Das Schreiben schickt der Betroffene dann zusammen mit den Bewilligungsbescheiden oder behördlichen Bescheinigungen, die den Leistungsbezug im entsprechenden Zeitraum belegen, an den Beitragsservice. Für den aktuellen Zeitraum kann er dann auch gleich noch ein Antragsformular beilegen.

Musterbrief: Rückwirkender Befreiungsantrag

Name des Betroffenen
Anschrift

ARD ZDF Deutschlandradio
Beitragsservice
50656 Köln

Datum

Antrag auf rückwirkende Befreiung von der Rundfunkbeitragspflicht

Beitragsnummer: ___________________

Sehr geehrte Damen und Herren,

hiermit stelle ich einen Antrag auf die Befreiung von der Rundfunkbeitragspflicht rückwirkend ab dem __________ bis zum __________.

Im genannten Zeitraum habe ich durchgehend ___(Sozialleistung)___ bezogen.
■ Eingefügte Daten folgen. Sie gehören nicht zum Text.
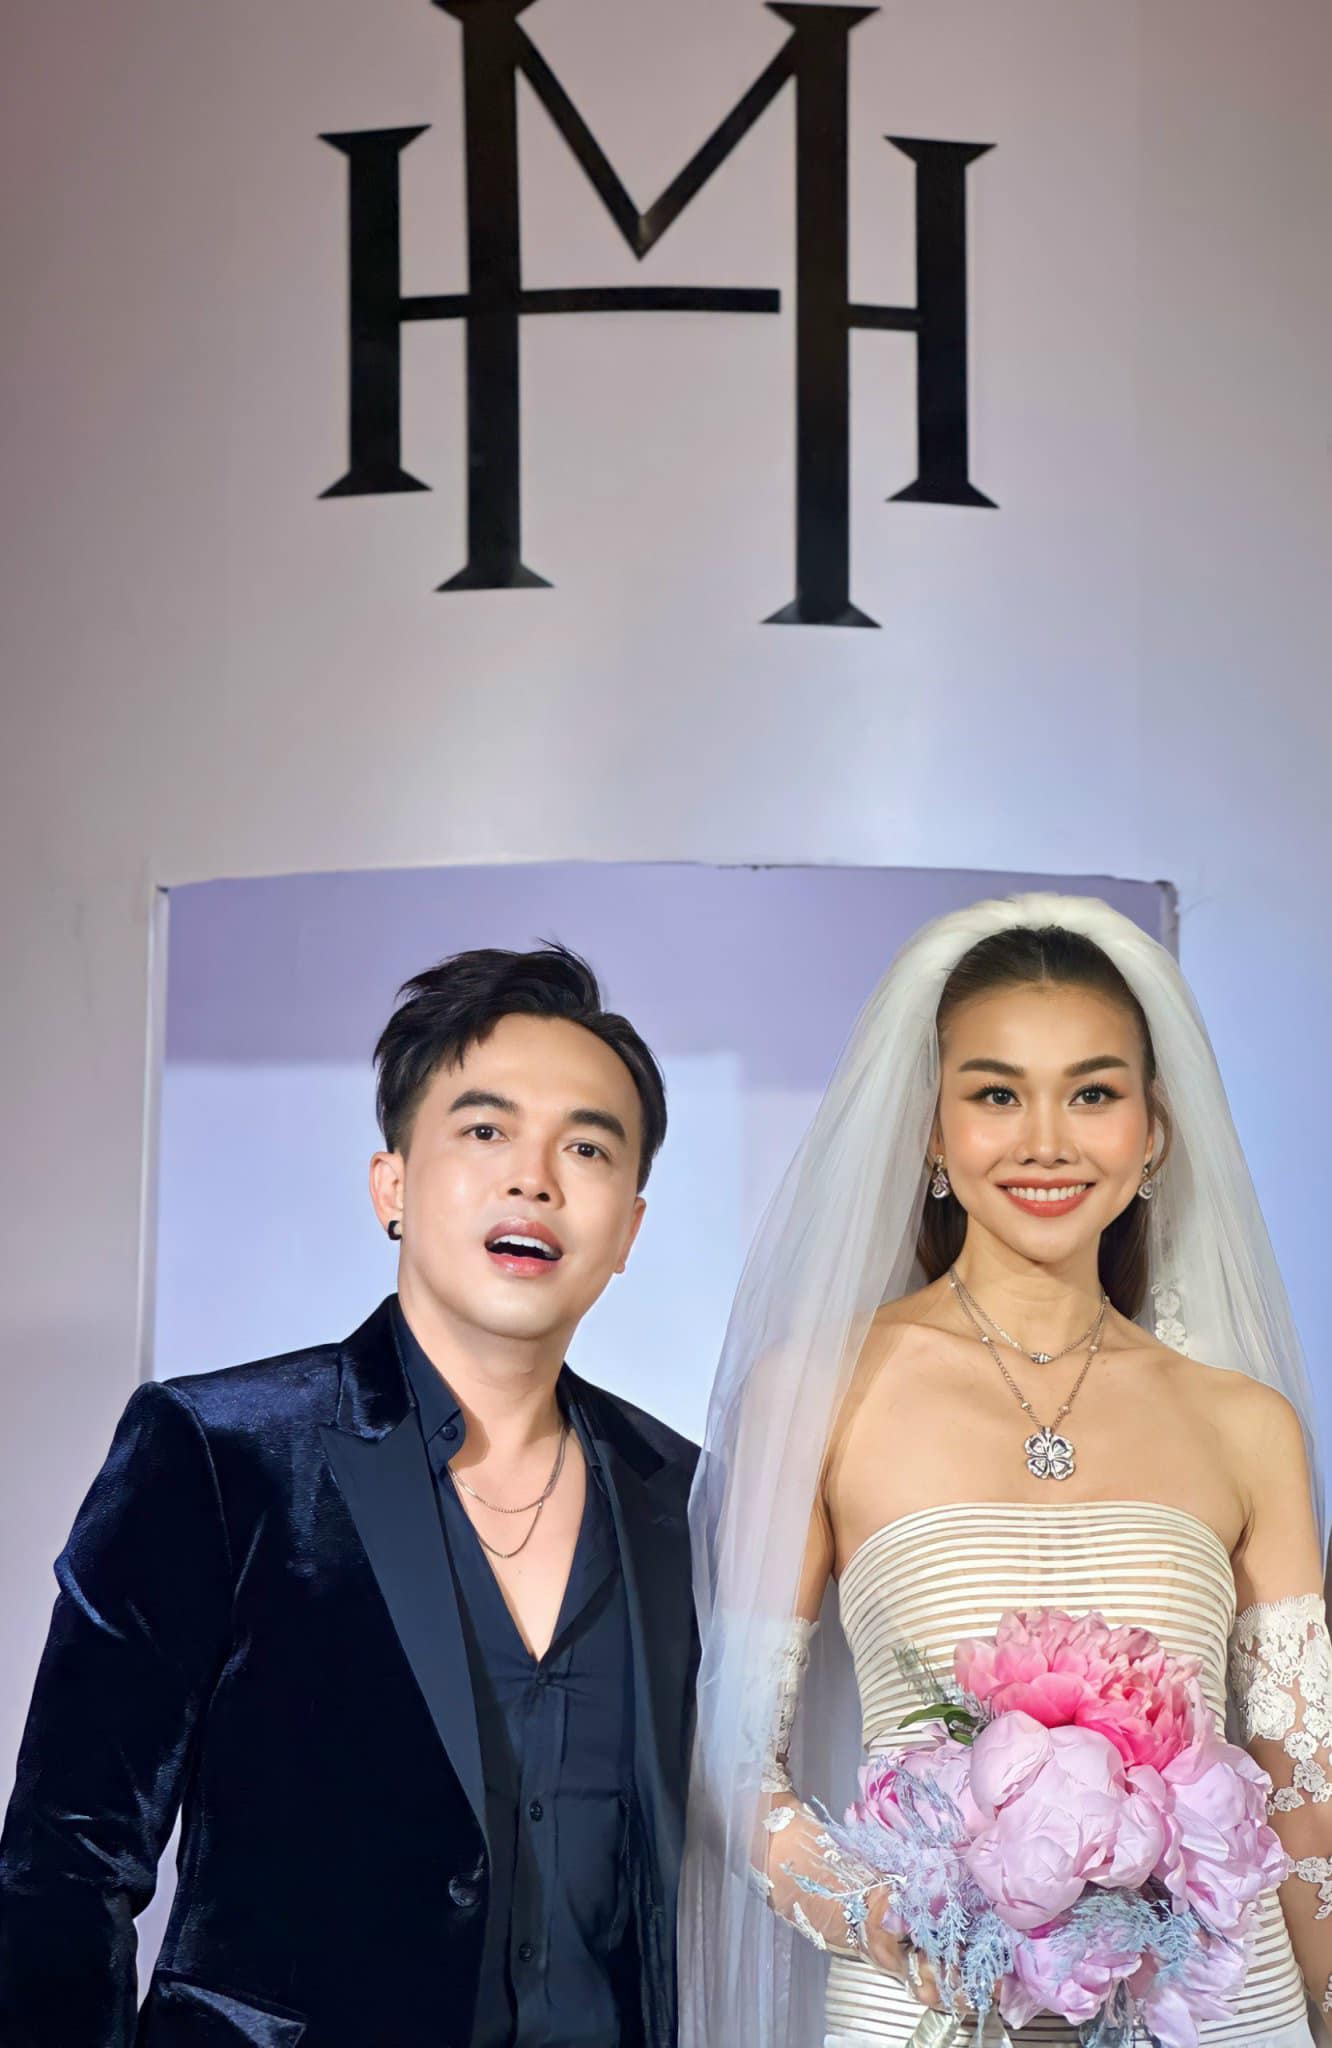 Siêu mẫu Thanh Hằng làm đám cưới với chồng nhạc trưởng - Ảnh 11.
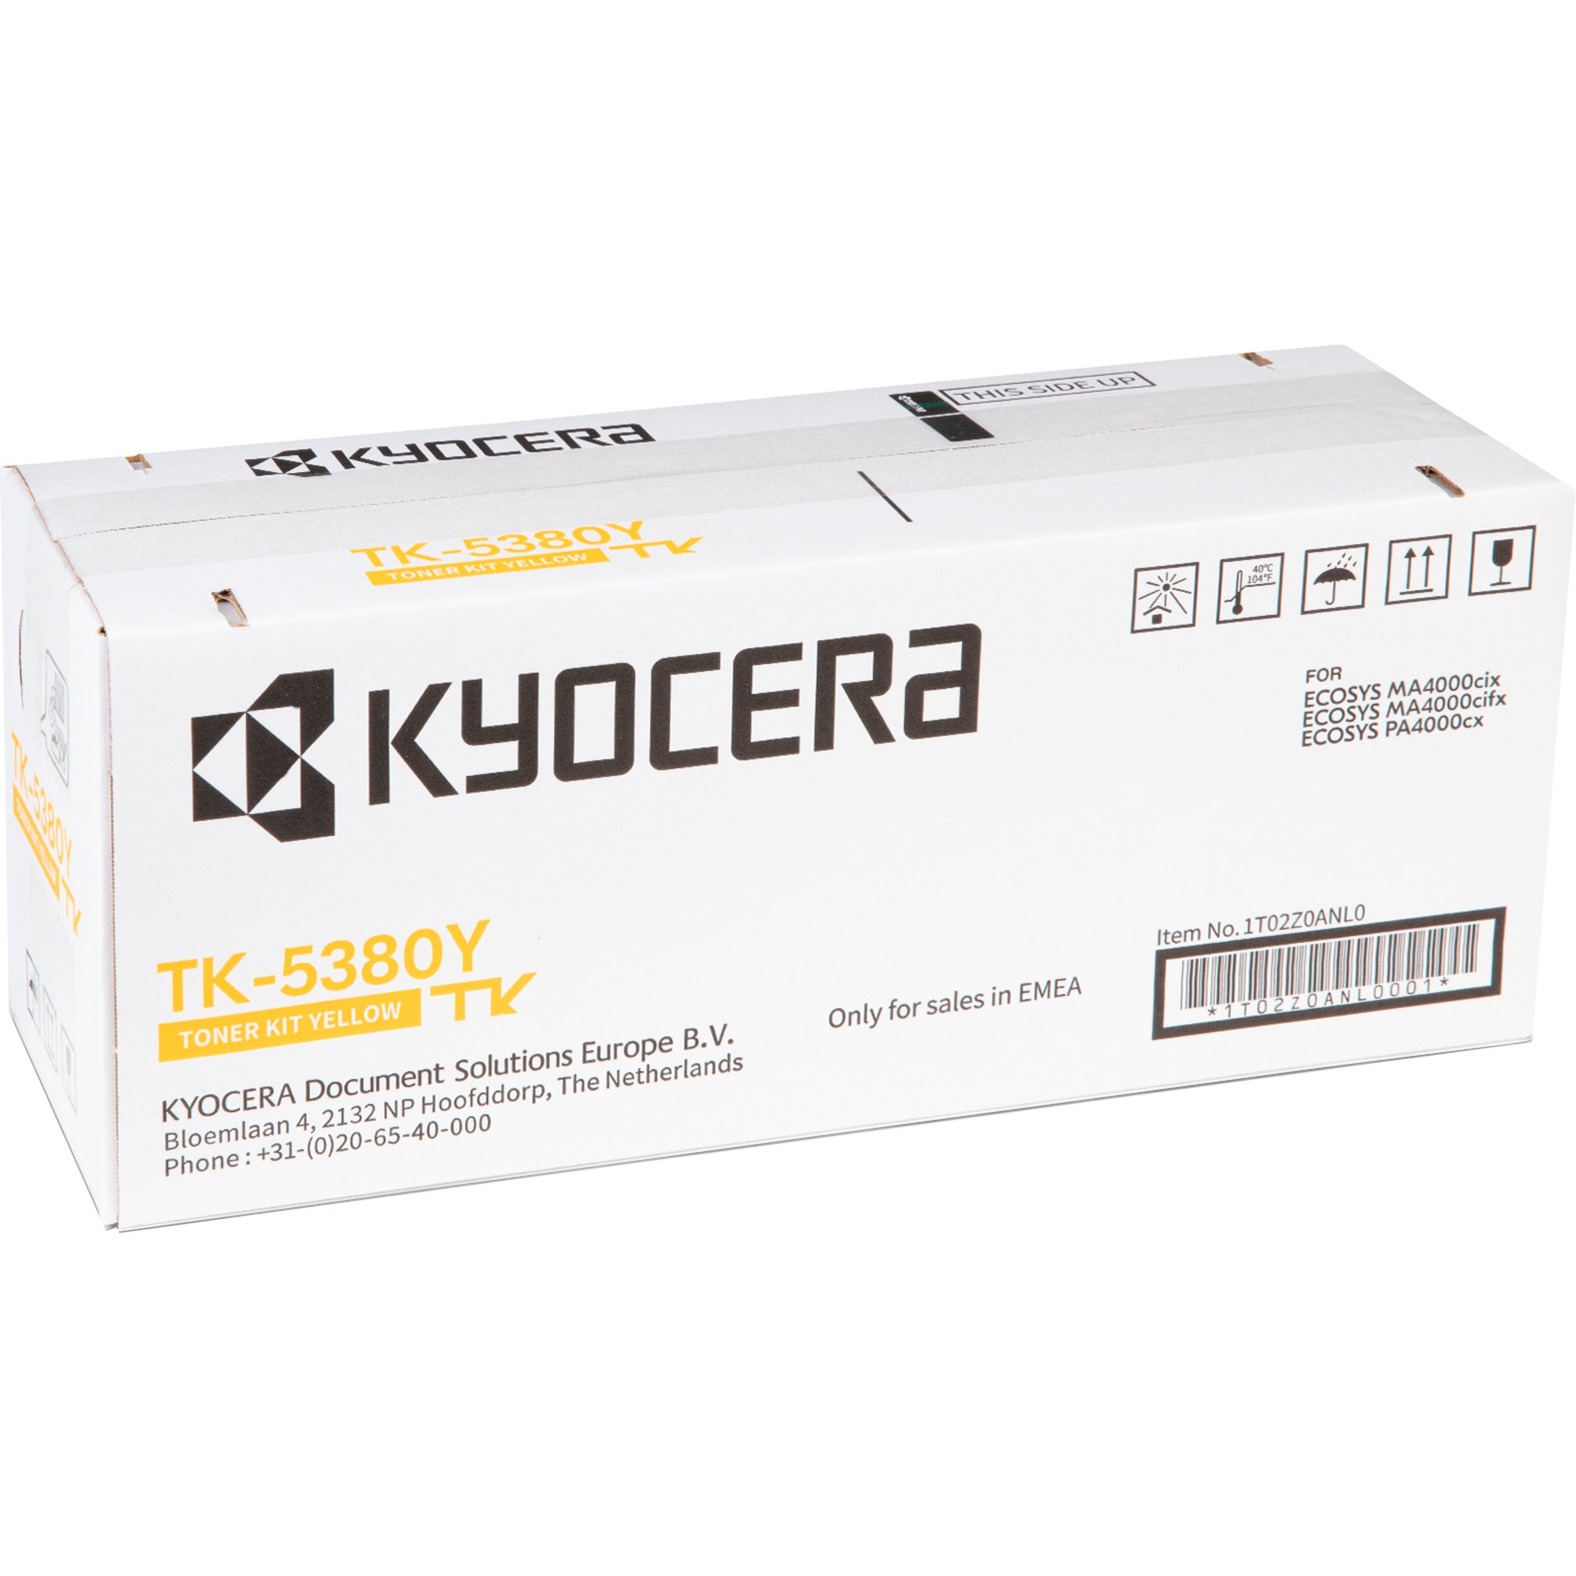 Toner gelb TK-5380Y von Kyocera

Daher war ein Befreiungsgrund gegeben. Zum Nachweis lege ich diesem Schreiben die entsprechenden Bewilligungsbescheide in Kopie / behördlichen Bescheinigungen im Original bei.

Einen Befreiungsantrag für den aktuellen Bewilligungszeitraum habe ich schon eingereicht / finden Sie nebst Nachweis ebenfalls in der Anlage.